**TASK PROMPT:**
Leave the pictures in the listing below aside and reproduce exactly the lines starting with the one with "artistic gymnastics room" and going on through the one with "1400x980 Comic Burst", both ends included.

**RECORDS PROVIDED:**
================
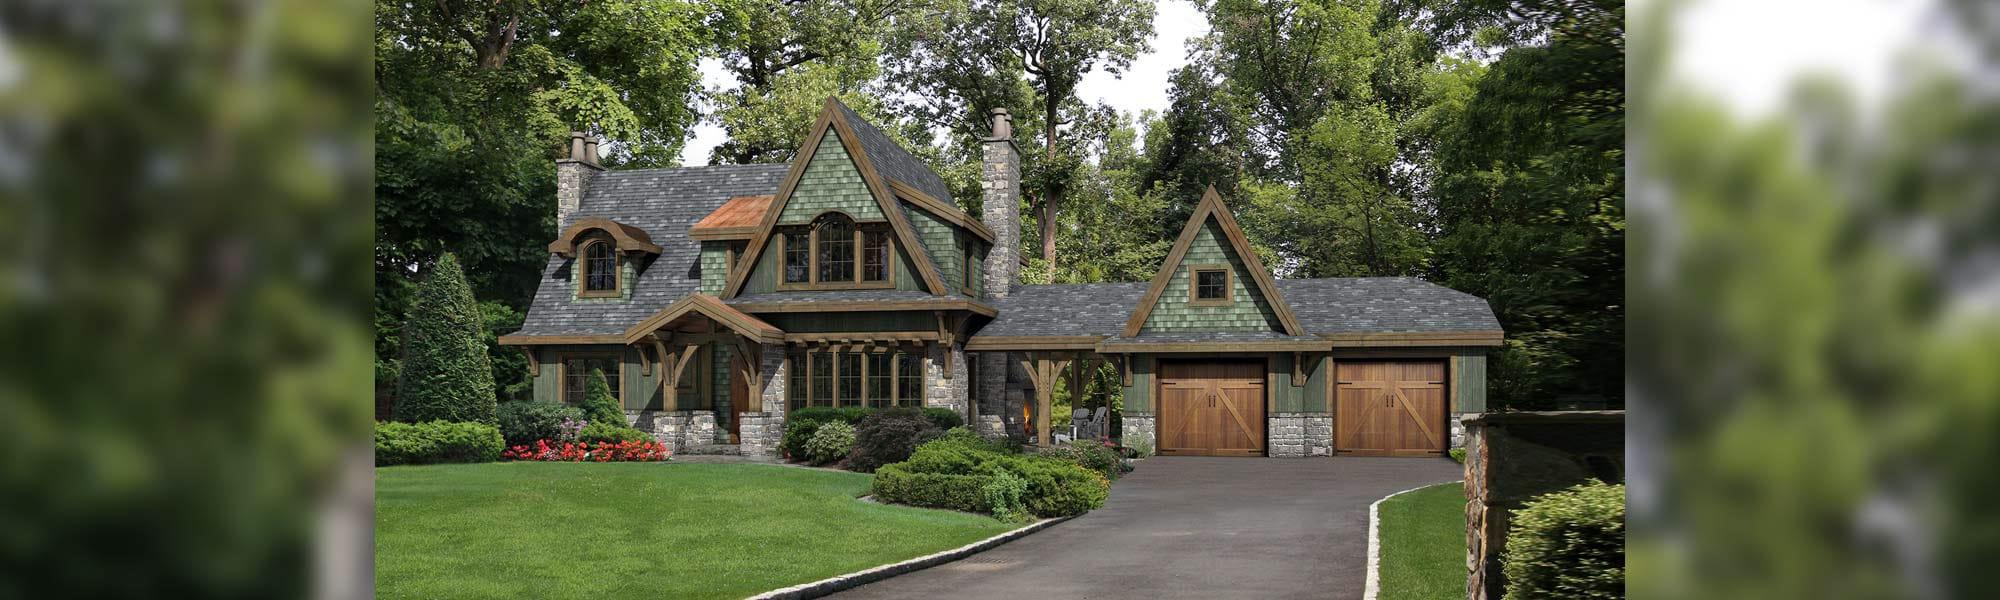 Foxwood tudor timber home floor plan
================
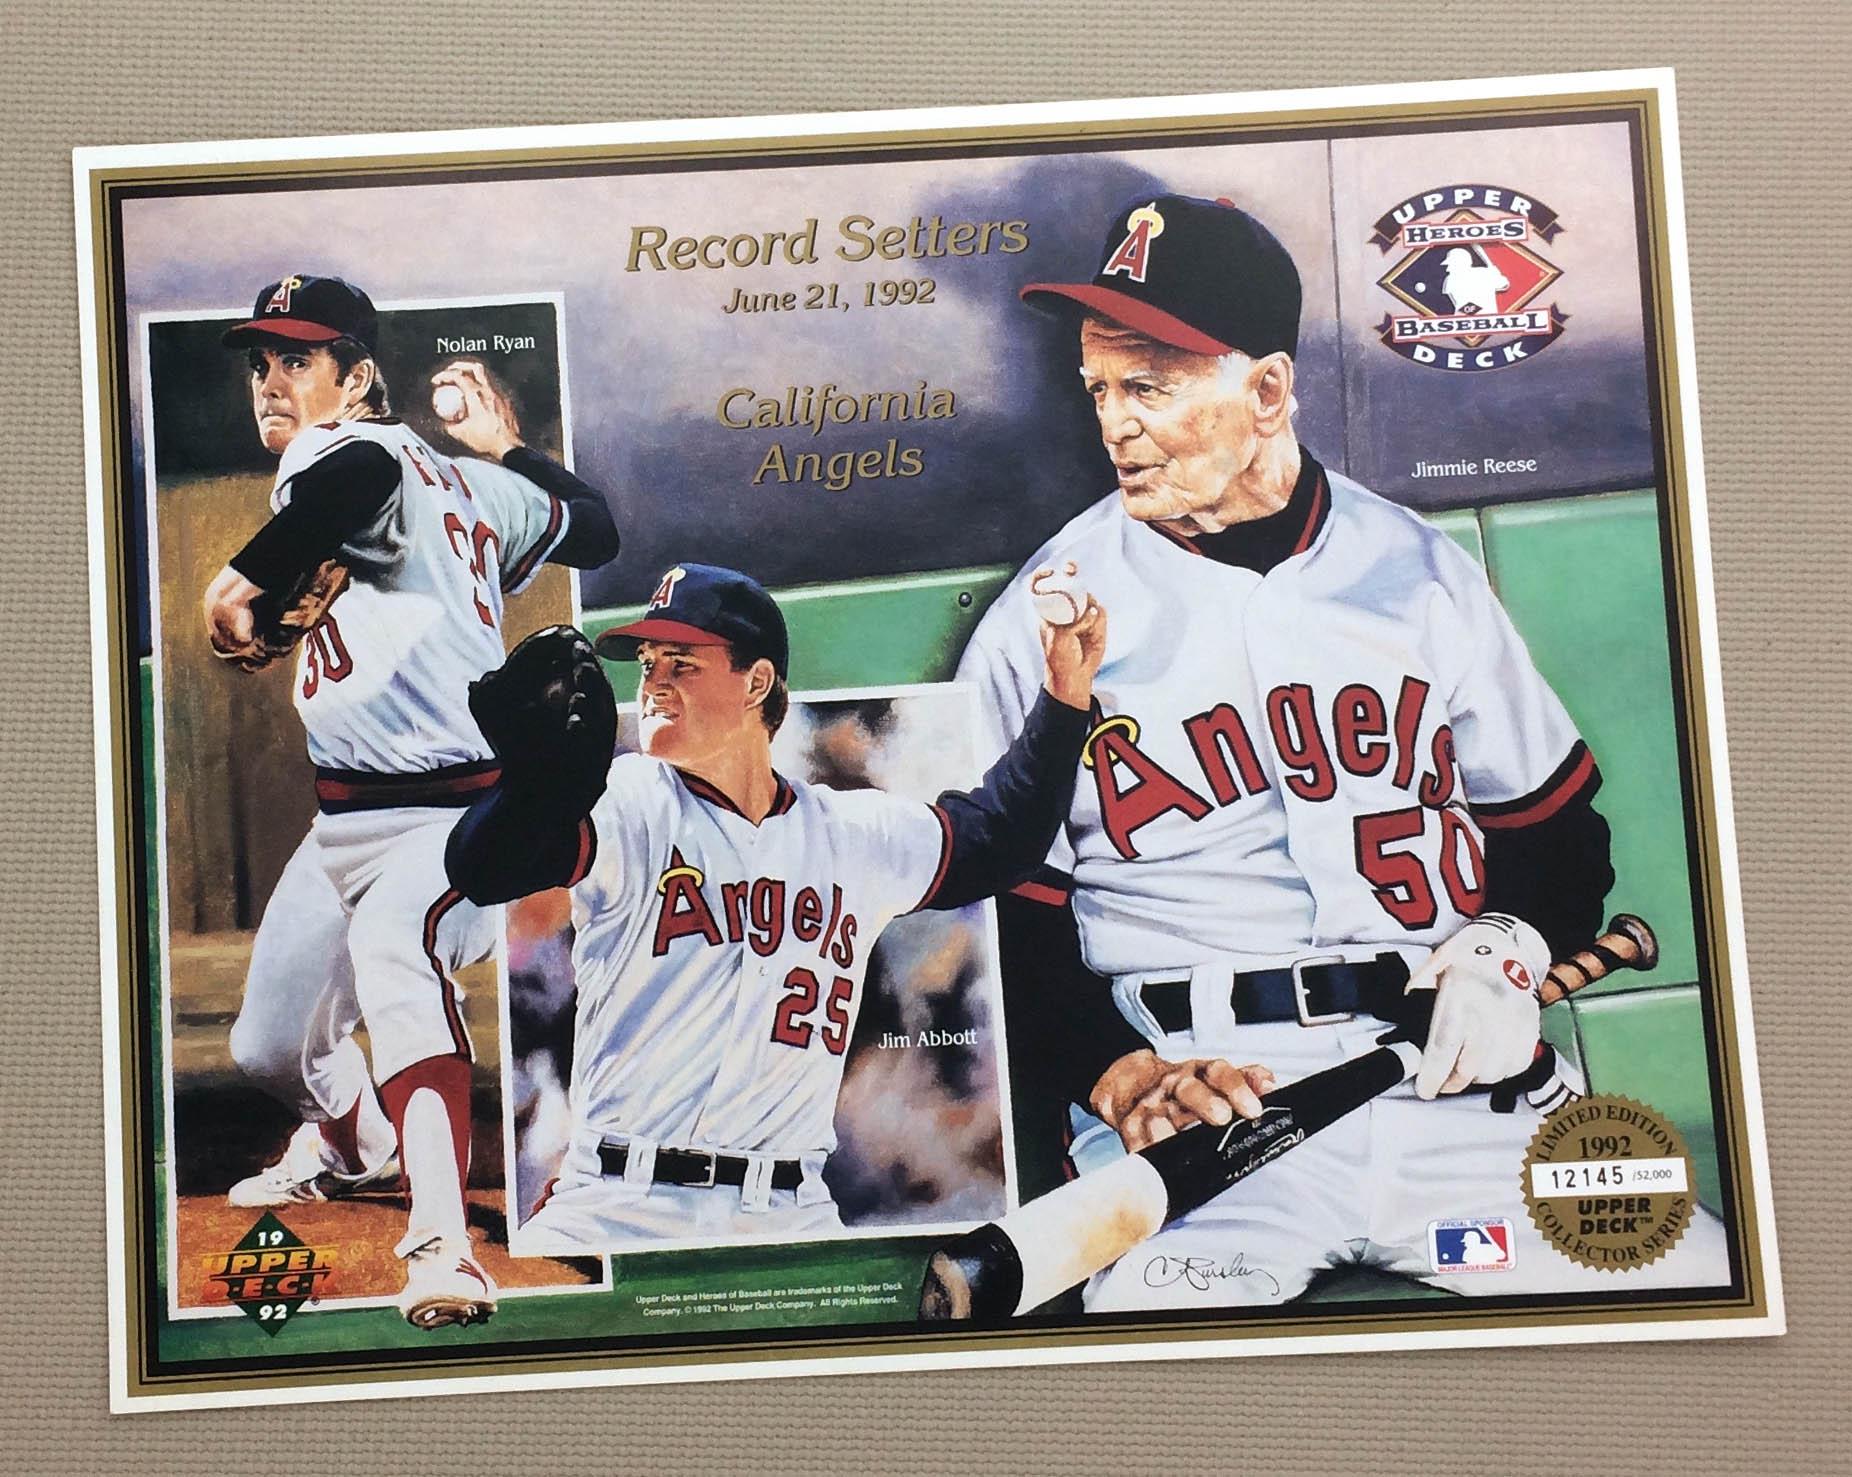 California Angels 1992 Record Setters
================
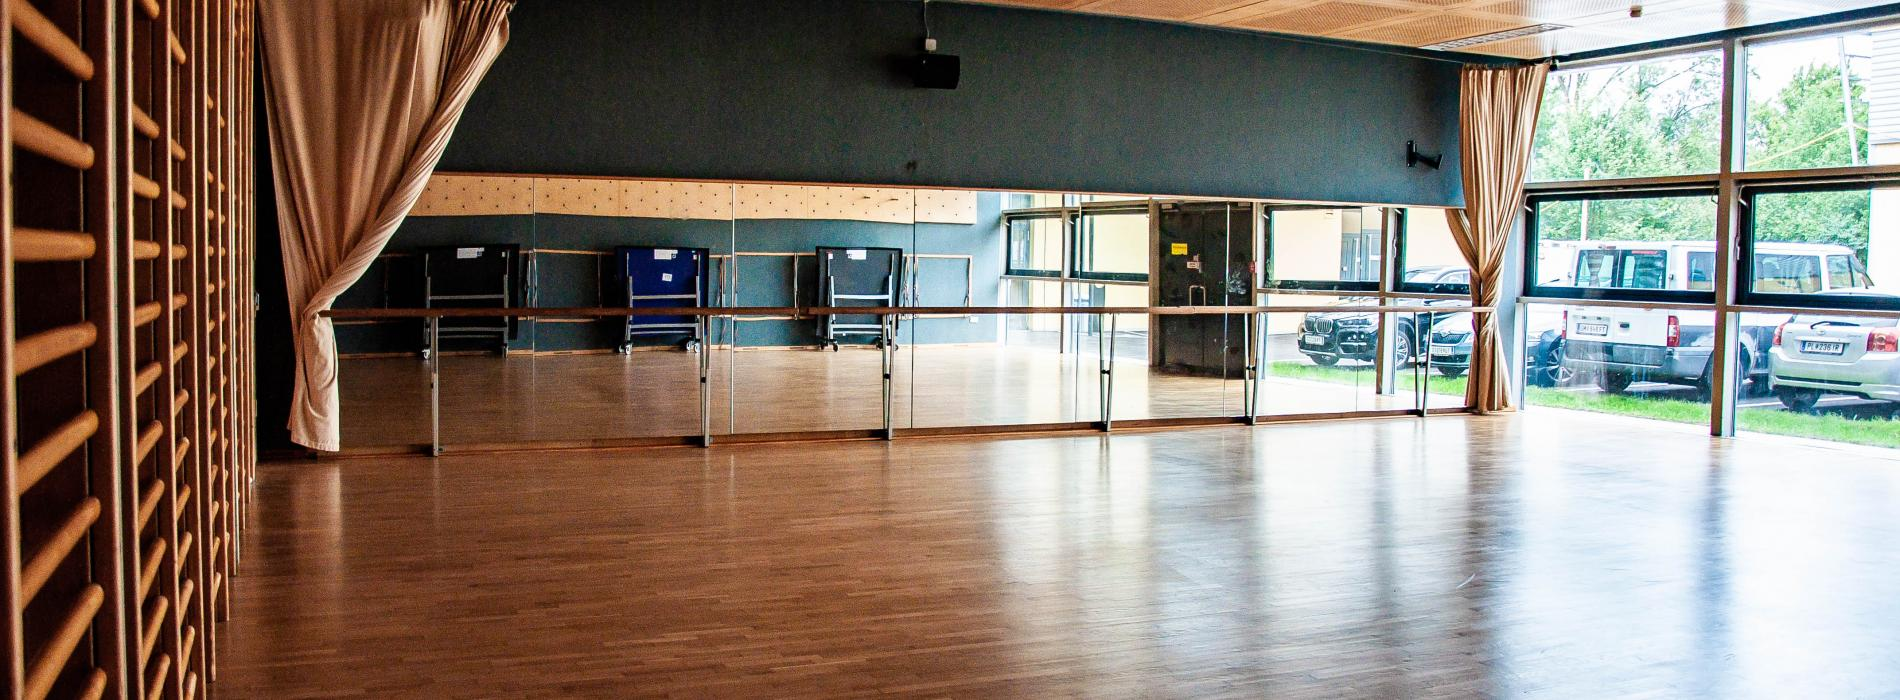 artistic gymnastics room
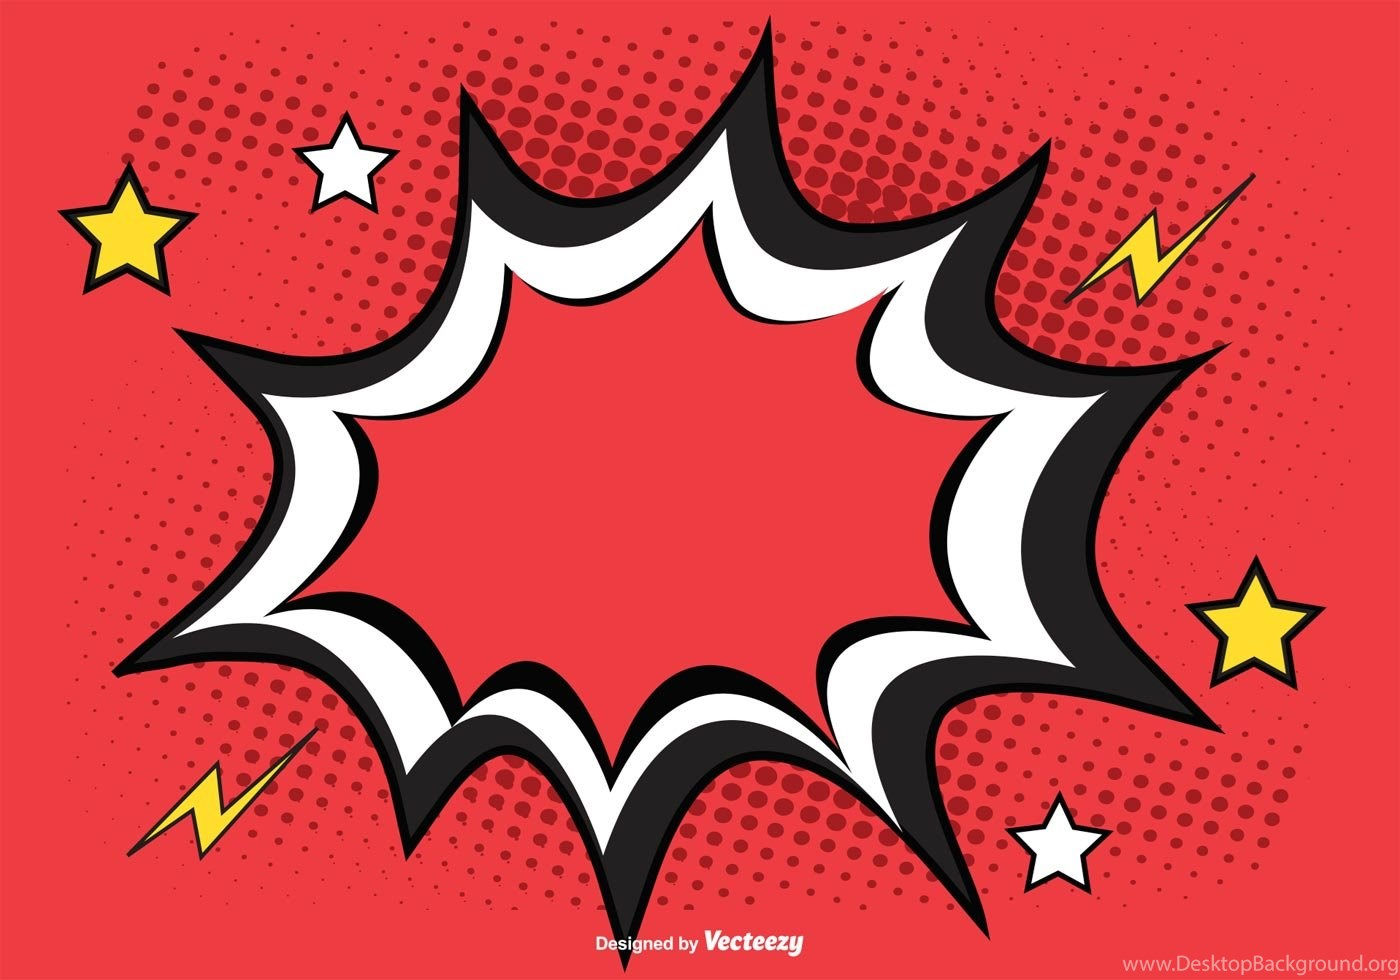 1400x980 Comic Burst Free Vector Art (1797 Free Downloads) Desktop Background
================
**ANSWER AREA:**
 artistic gymnastics room
 1400x980 Comic Burst Free Vector Art (1797 Free Downloads) Desktop Background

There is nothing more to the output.